CloudWatch Monitoring (AWS)
Log Groups
Logs are sent to CloudWatch:
/mlops/pipeline # Pipeline logs
/mlops/mlflow-server # MLflow server logs
View Logs
# Follow logs
aws logs tail /mlops/pipeline --follow
# Search logs
aws logs filter-log-events \
--log-group-name /mlops/pipeline \
--filter-pattern "ERROR"
CloudWatch Alarms
Create alarms for critical metrics:
aws cloudwatch put-metric-alarm \
--alarm-name "Pipeline-Failure" \
--metric-name "Errors" \
--namespace "MLOps" \
--statistic Sum \
--period 300 \
--threshold 1 \
--comparison-operator GreaterThanOrEqualToThreshold \
--evaluation-periods 1 \
--alarm-actions arn:aws:sns:us-east-1:064592191516:alerts
Dashboard
Create a CloudWatch dashboard:
{
"widgets": [
{
"type": "metric",
"properties": {
"metrics": [
["MLOps", "PipelineRuns", "Status", "Success"],
["MLOps", "PipelineRuns", "Status", "Failed"]
],
"title": "Pipeline Runs"
}
},
{
"type": "metric",
"properties": {
"metrics": [
["AWS/EC2", "CPUUtilization", "InstanceId", "i-xxx"]
],
"title": "EC2 CPU"
}
}
]
}
Infrastructure Monitoring
EC2 Instance Health
# Check instance status
aws ec2 describe-instance-status --instance-ids i-xxx
# Check system logs
aws ec2 get-console-output --instance-id i-xxx
S3 Bucket Metrics
Monitor S3 storage:
aws cloudwatch get-metric-statistics \
--namespace AWS/S3 \
--metric-name BucketSizeBytes \
--dimensions Name=BucketName,Value=064592191516-mlflow \
--start-time $(date -d '7 days ago' --iso-8601) \
--end-time $(date --iso-8601) \
--period 86400 \
--statistics Average
Custom Metrics
Logging Custom Metrics
import mlflow
with mlflow.start_run():
# Log standard metrics
mlflow.log_metric("accuracy", accuracy)
mlflow.log_metric("f1_score", f1)
# Log custom metrics
mlflow.log_metric("inference_time_ms", inference_time * 1000)

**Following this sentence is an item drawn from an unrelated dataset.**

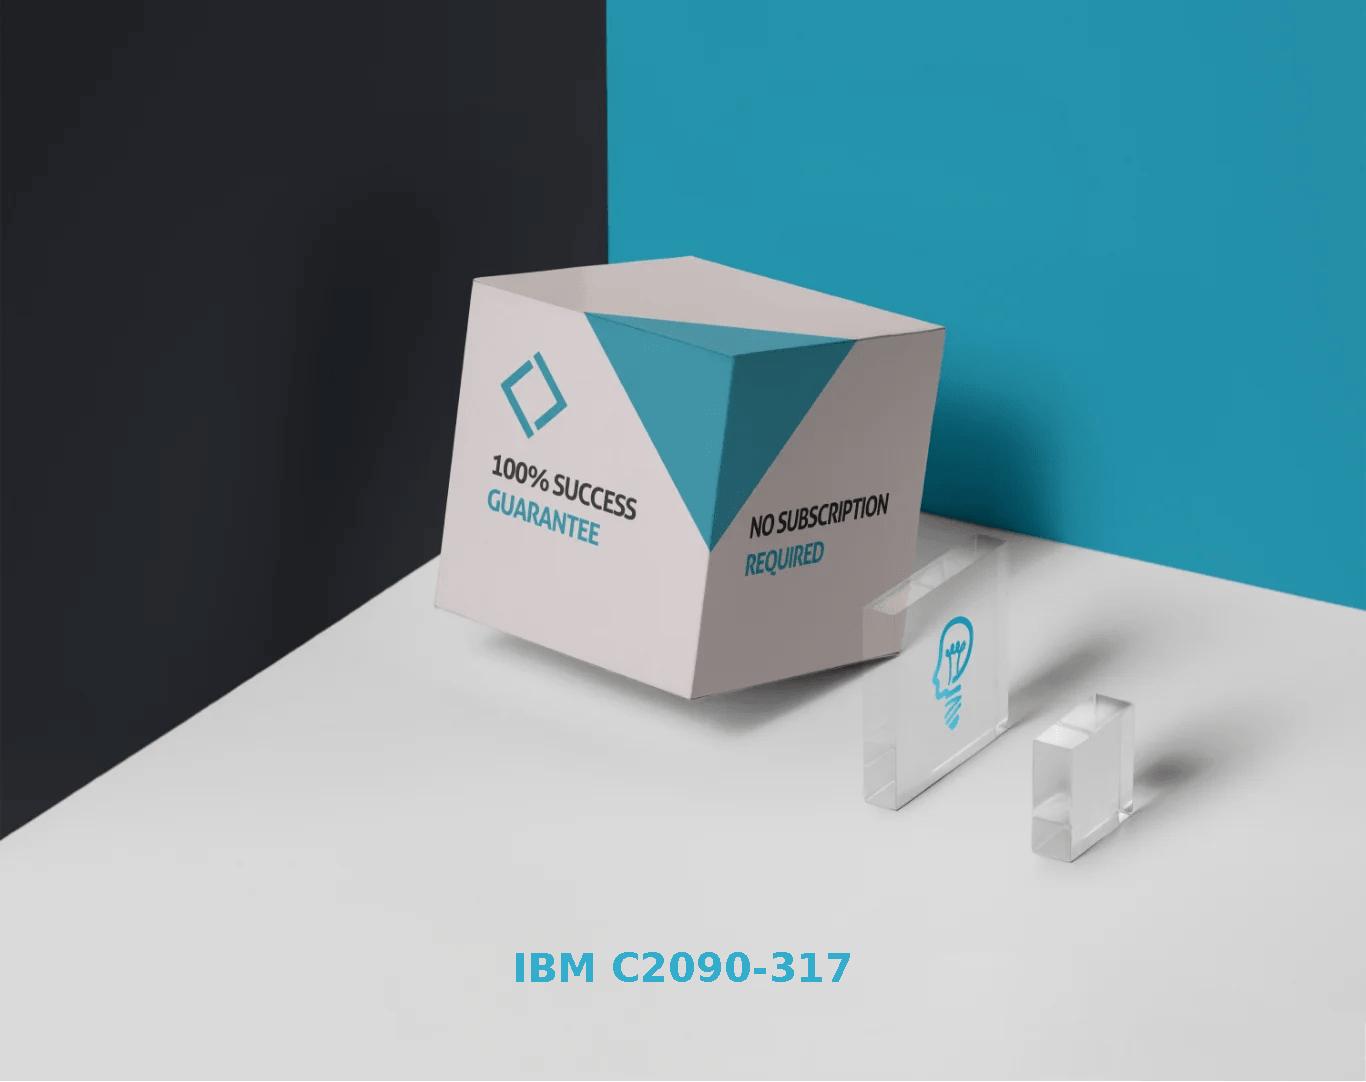 IBM C2090-317 Exams

mlflow.log_metric("model_size_mb", model_size / 1024 / 1024)
Sending to CloudWatch
import boto3
cloudwatch = boto3.client('cloudwatch')
cloudwatch.put_metric_data(
Namespace='MLOps',
MetricData=[
{
'MetricName': 'ModelAccuracy',
'Value': 0.95,
'Unit': 'None',
'Dimensions': [
{'Name': 'Model', 'Value': 'fraud_detection'},
{'Name': 'Environment', 'Value': 'production'}
]
}
]
)
Alerting
Email Alerts
Set up SNS topic for alerts:
# Create topic
aws sns create-topic --name mlops-alerts
# Subscribe email
aws sns subscribe \
--topic-arn arn:aws:sns:us-east-1:064592191516:mlops-alerts \
--protocol email \
--notification-endpoint admin@example.com
Slack Integration
Use AWS Lambda to send to Slack:
import json
import urllib.request
def lambda_handler(event, context):
message = event['Records'][0]['Sns']['Message']
slack_message = {
'text': f':warning: MLOps Alert: {message}'
}
req = urllib.request.Request(
SLACK_WEBHOOK_URL,
data=json.dumps(slack_message).encode(),
headers={'Content-Type': 'application/json'}
)
urllib.request.urlopen(req)
Health Checks
Pipeline Health Check Script
#!/bin/bash
# health_check.sh
# Check MLflow server
if curl -s http://localhost:5000/health > /dev/null; then
echo "✓ MLflow server healthy"
else
echo "✗ MLflow server down"
exit 1
fi
# Check disk space
DISK_USAGE=$(df -h / | awk 'NR==2 {print $5}' | tr -d '%')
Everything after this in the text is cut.